This proved to be a beneficial dynamic for buyers who were able to differentiate themselves, and reinforces an ongoing trend across reinsurance towards smaller markets with smaller cycles.

“That’s good for clients, because nobody likes to just be hit with a blanket rate increase,” Vickers noted.

However, he added that, despite being largely defined by a push for rate increases, the reinsurance renewals also saw reinsurers seek to grow their business in areas that have seen continued improvement for a number of cycles now, such as non-catastrophe, specialty and casualty lines.

That said, ceding companies have also recognised improvements in their portfolio, which has proved problematic for reinsurers as some carriers have looked to reduce the amount they cede or have asked for bigger commissions.

“That has squeezed some of that business,” Vickers acknowledged. “But reinsurers’ appetite to write what they perceive to be attractive business is absolutely undiminished.”
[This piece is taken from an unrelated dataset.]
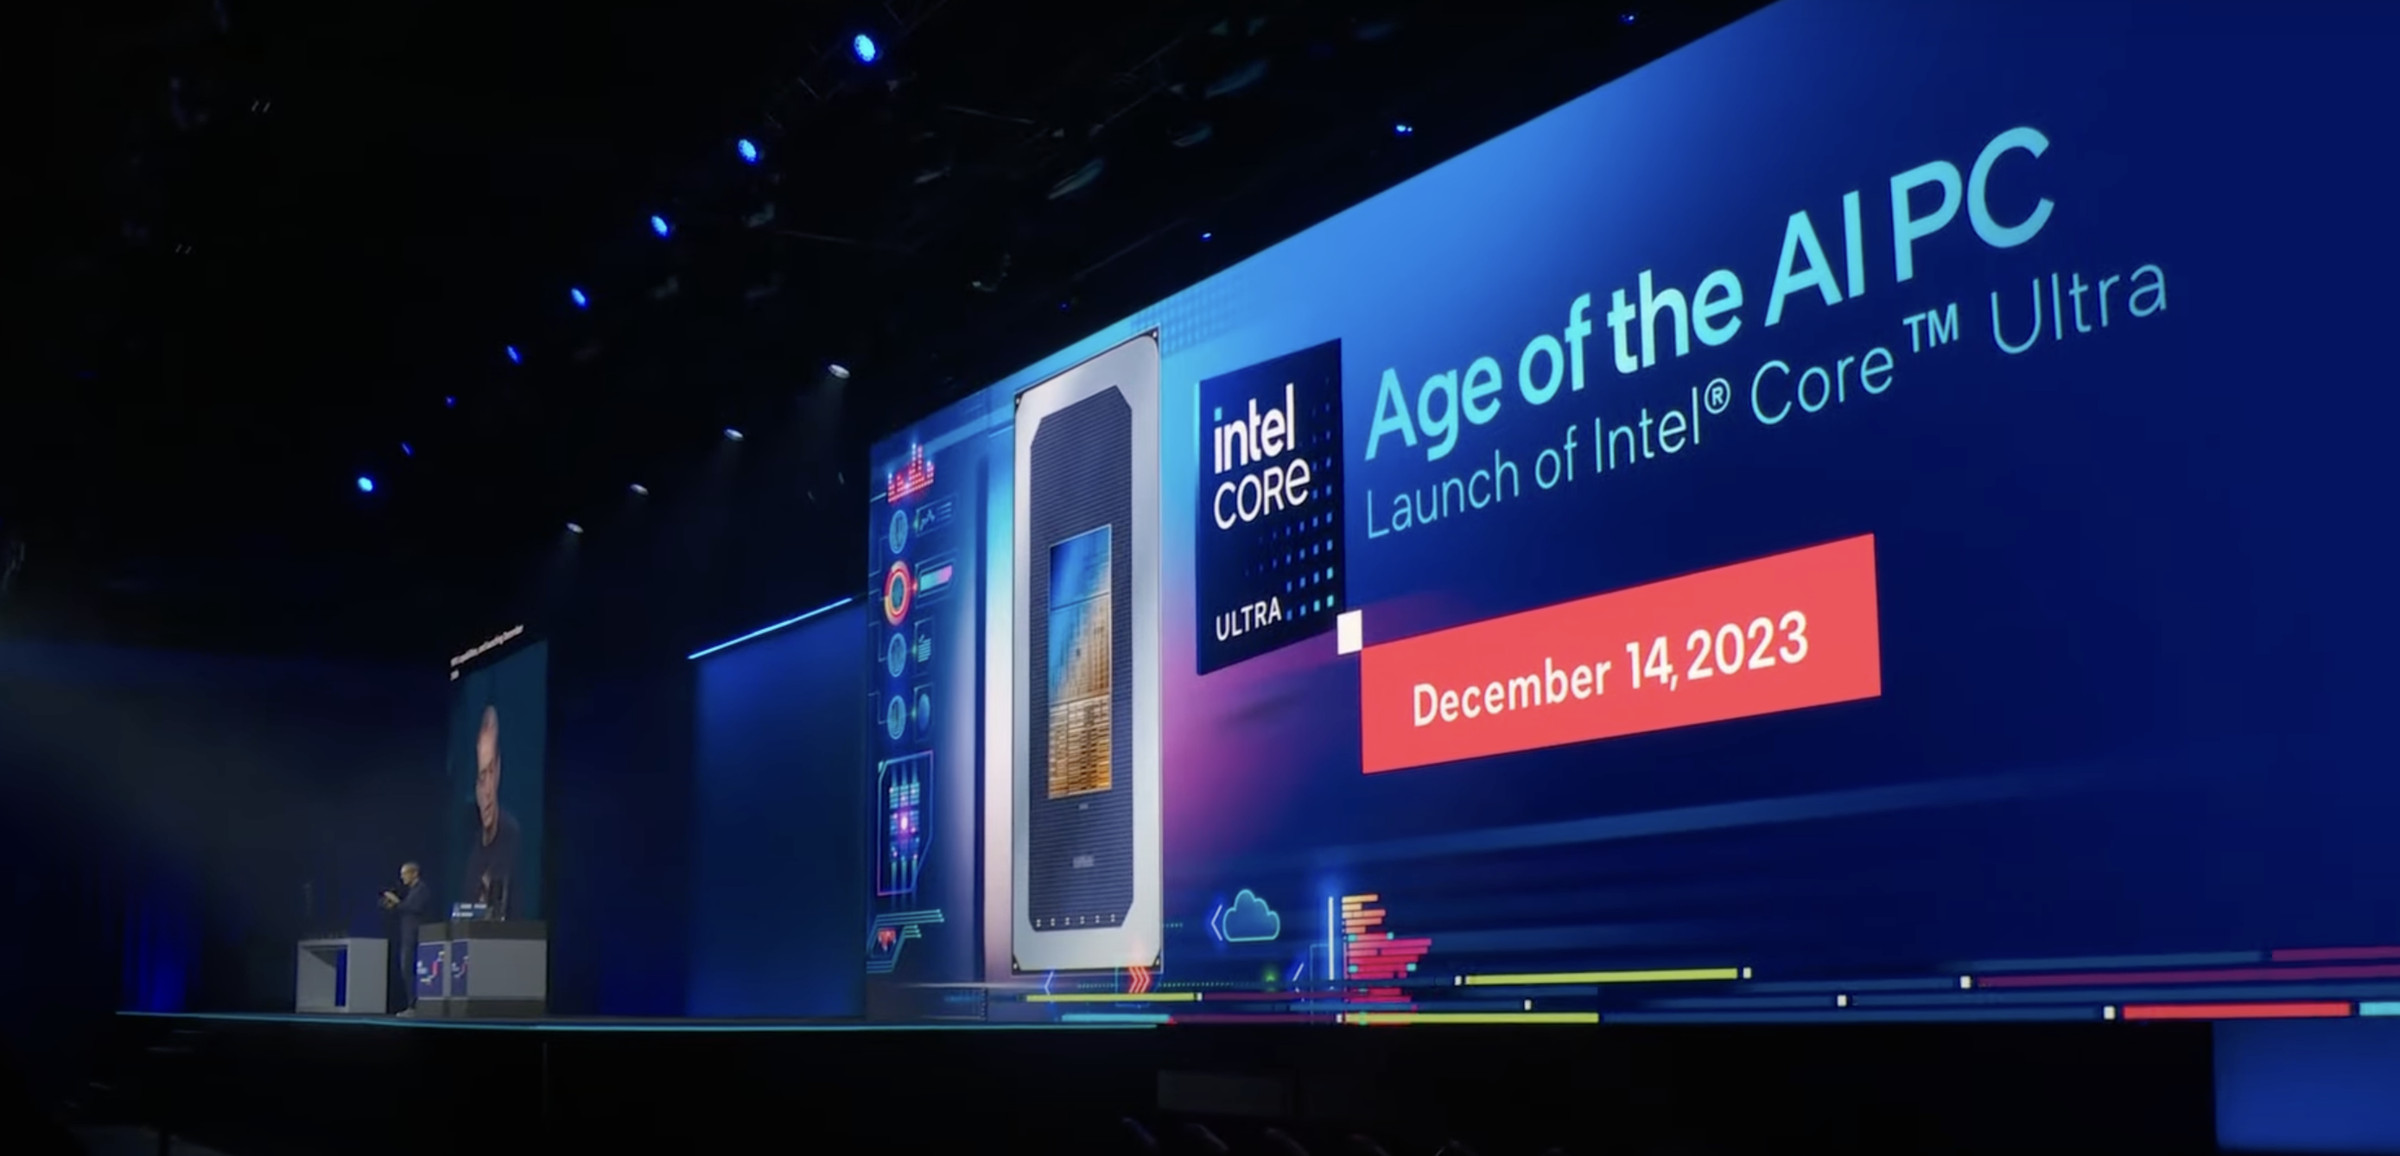 A slide at Intel’s Innovation keynote reading “Intel Core Ultra, Age of the AI PC, launch of the Intel Core Ultra, December 14, 2023.”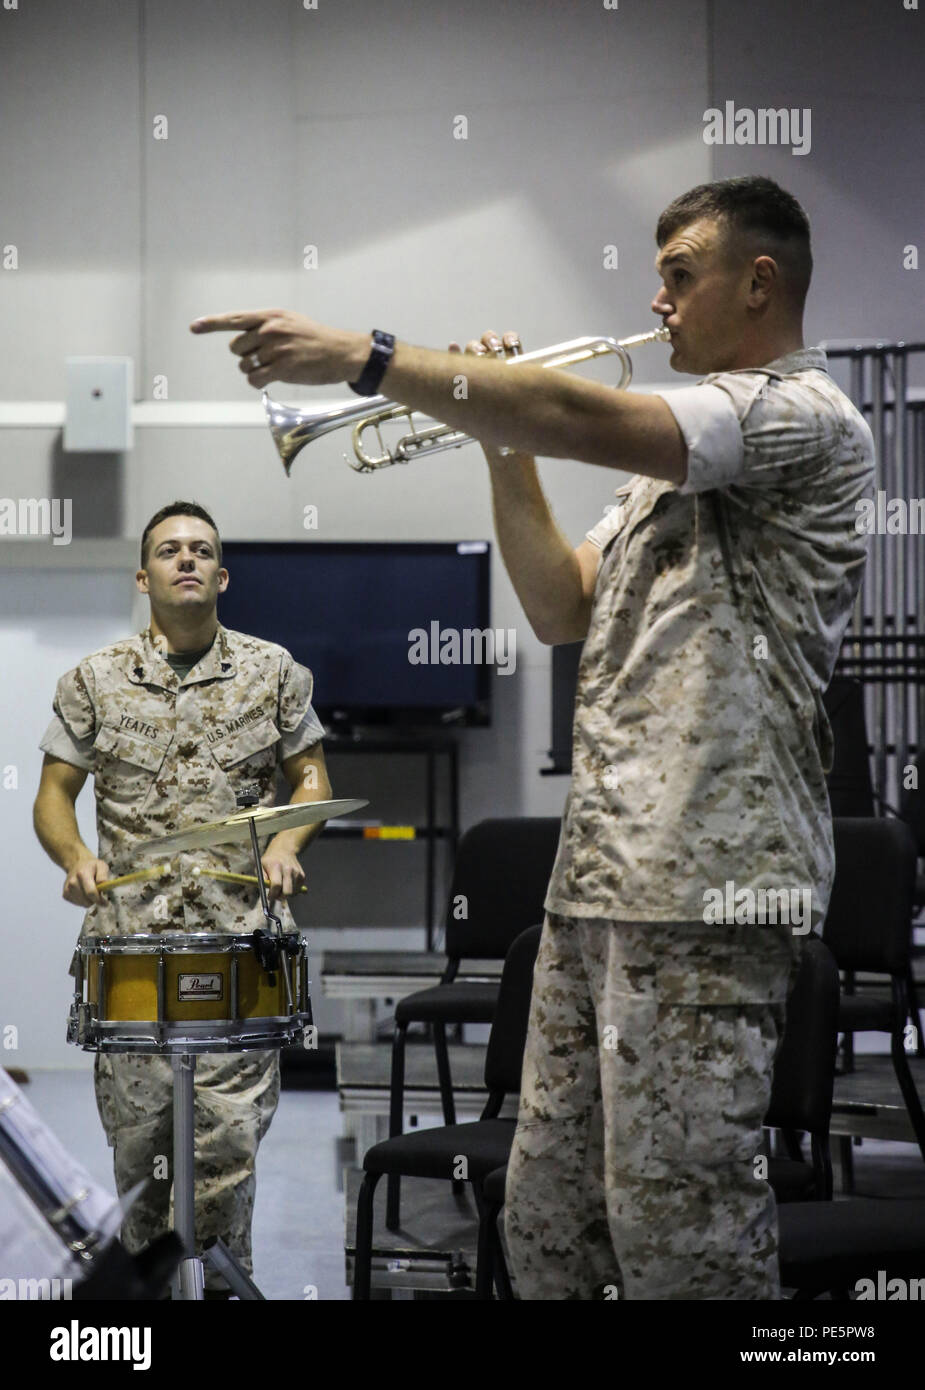 Sgt. Michael R. Hickey, right, a trumpeter with the 2nd Marine Division Band, leads the band in rehearsal for Amber N. Carter, a resident of Hubert, N.C., during her visit to the band’s command post at Camp Lejeune, N.C., Sept. 29, 2015. Amber always dreamed of joining the Marine Corps, but could not due to William’s syndrome. Staff Sgt. Isaiah Riley, a mess chief with 10th Marine Regiment, brought her and her family aboard the base to watch the band play. (U.S. Marine Corps photo by Cpl. Paul S. Martinez/Released) Stock Photo

Overall, Gallagher Re believes these factors have resulted in a divergence in the market between certain lines of business in certain territories where reinsurers are keen to write new business, and areas where they’re not currently happy with the renewal terms.

“They don’t think the rate improvement is enough and they don’t wish to increase their exposures,” Vickers told Reinsurance News.

“So they’ve been renewing their written lines and a lot of the over-placements have fallen away in those areas. And the contracts are just getting done. But they are getting done, which I think is the important thing.”